Между тем, грандиозный проект близился к завершению. Если не считать несущественных доделок, вся эта гигантская ажурная пространственная головоломка была уже собрана. Прибывший из Корпуса мониторов следователь, видно, допросил всех, но О'Мару пока не трогал.
О'Мару, конечно, интересовало, допрашивали ли уже Уоринга, и если допрашивали, то что он показал. Следователь был профессиональным психологом – не в пример инженерам Проекта – и явно не дураком. О'Мара рассудил, что и сам он тоже не дурак; он все продумал, так что за исход расследования ему нечего было бояться.

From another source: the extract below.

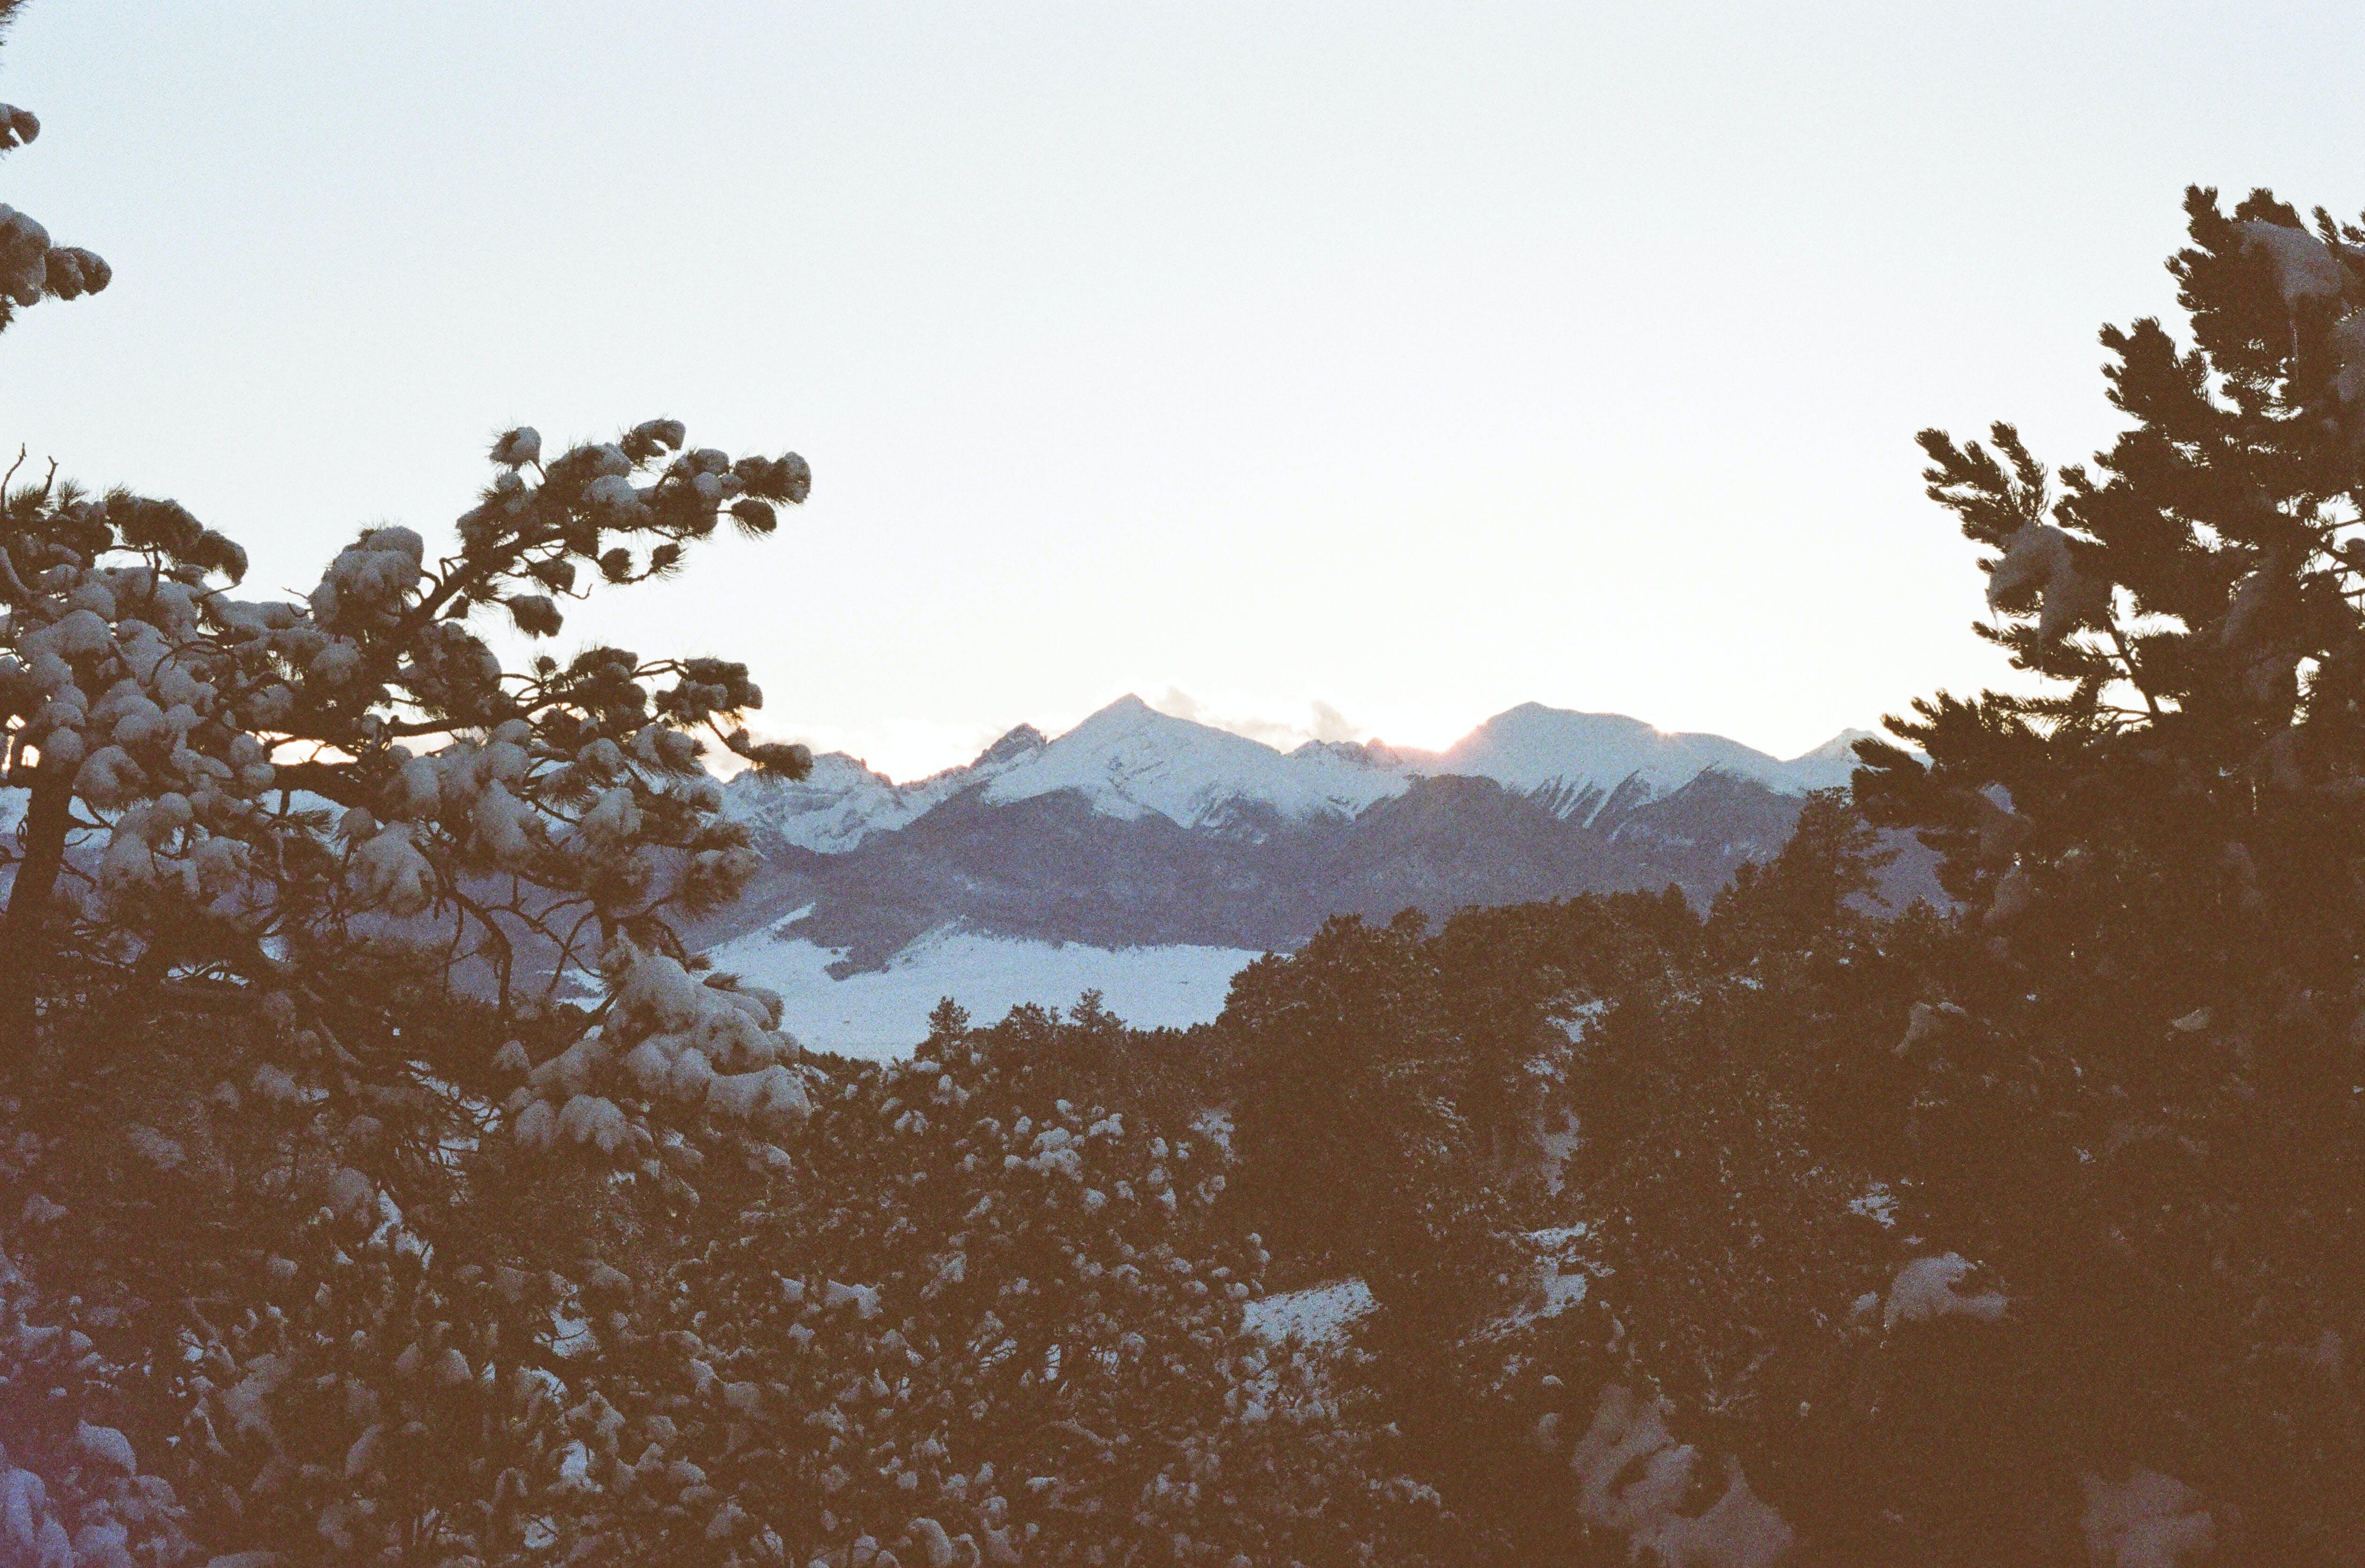 dawn, dusk, mountains

Но многое зависело от того, что сказал монитору Уоринг.
«Ты весь позеленел от страха, – с отвращением подумал О'Мара о самом себе. – Теперь, когда твои излюбленные теории подверглись серьезной проверке, ты, как дурак, перепугался, что они неверны. Ты готов на пузе ползти к Уорингу и лизать ему башмаки!»
О'Мара понимал, что это внесло бы элемент случайности в ситуацию, которой следовало быть предсказуемой, и почти наверняка испортило бы все дело. И все же искушение было очень великим.

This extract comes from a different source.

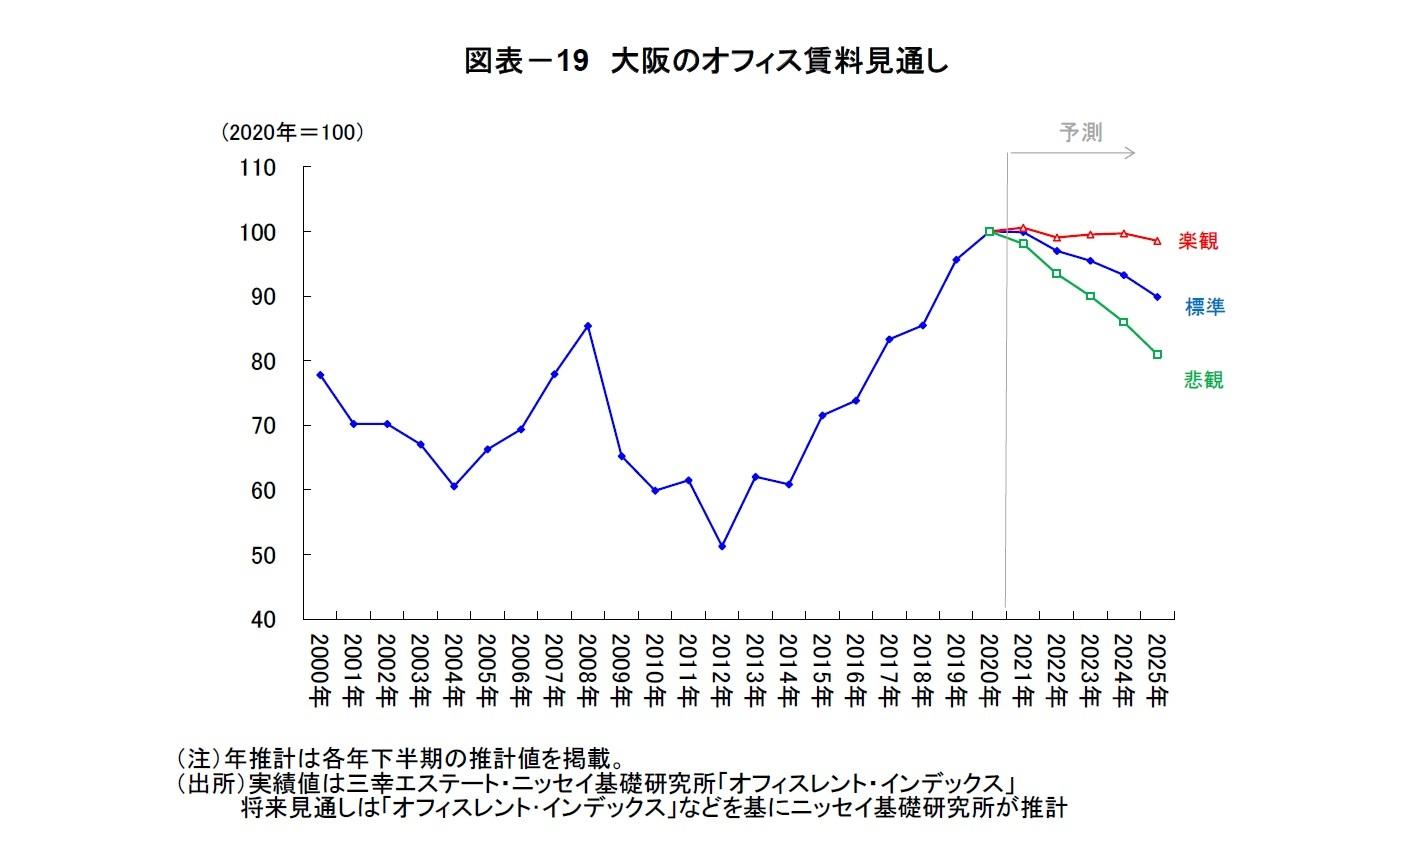 図表-19 大阪のオフィス賃料見通し

Пошла шестая неделя вынужденного надзора за малышом, и О'Мара начал познавать те удивительные недомогания, которым были подвержены малолетние худлариане, как вдруг сигнальное устройство шлюза возвестило о появлении гостя. О'Мара поспешно вскочил с кресла, устремив взгляд на люк и всем своим видом изображая полную безмятежность.
Но это оказался всего лишь Какстон.
– А я ждал монитора, – сказал О'Мара.
– Гм… – хмыкнул Какстон. – Разве он с вами ещё не беседовал? Возможно, он считает это лишним. После разговоров с нами он, видно, заключил, что дело совершенно ясное. Так что к вам он явится уже с наручниками.
О'Мара молча посмотрел на начальника участка. Его так и подмывало спросить, допрашивал ли монитор Уоринга, но, впрочем, и без этого можно было обойтись.
– Меня же интересует, что вы делаете с водой, – неприязненно сказал Какстон. – Со складов сообщают, что вы уже затребовали втрое больше воды, чем могли использовать. Вы что, аквариум строите или что-нибудь в том же роде?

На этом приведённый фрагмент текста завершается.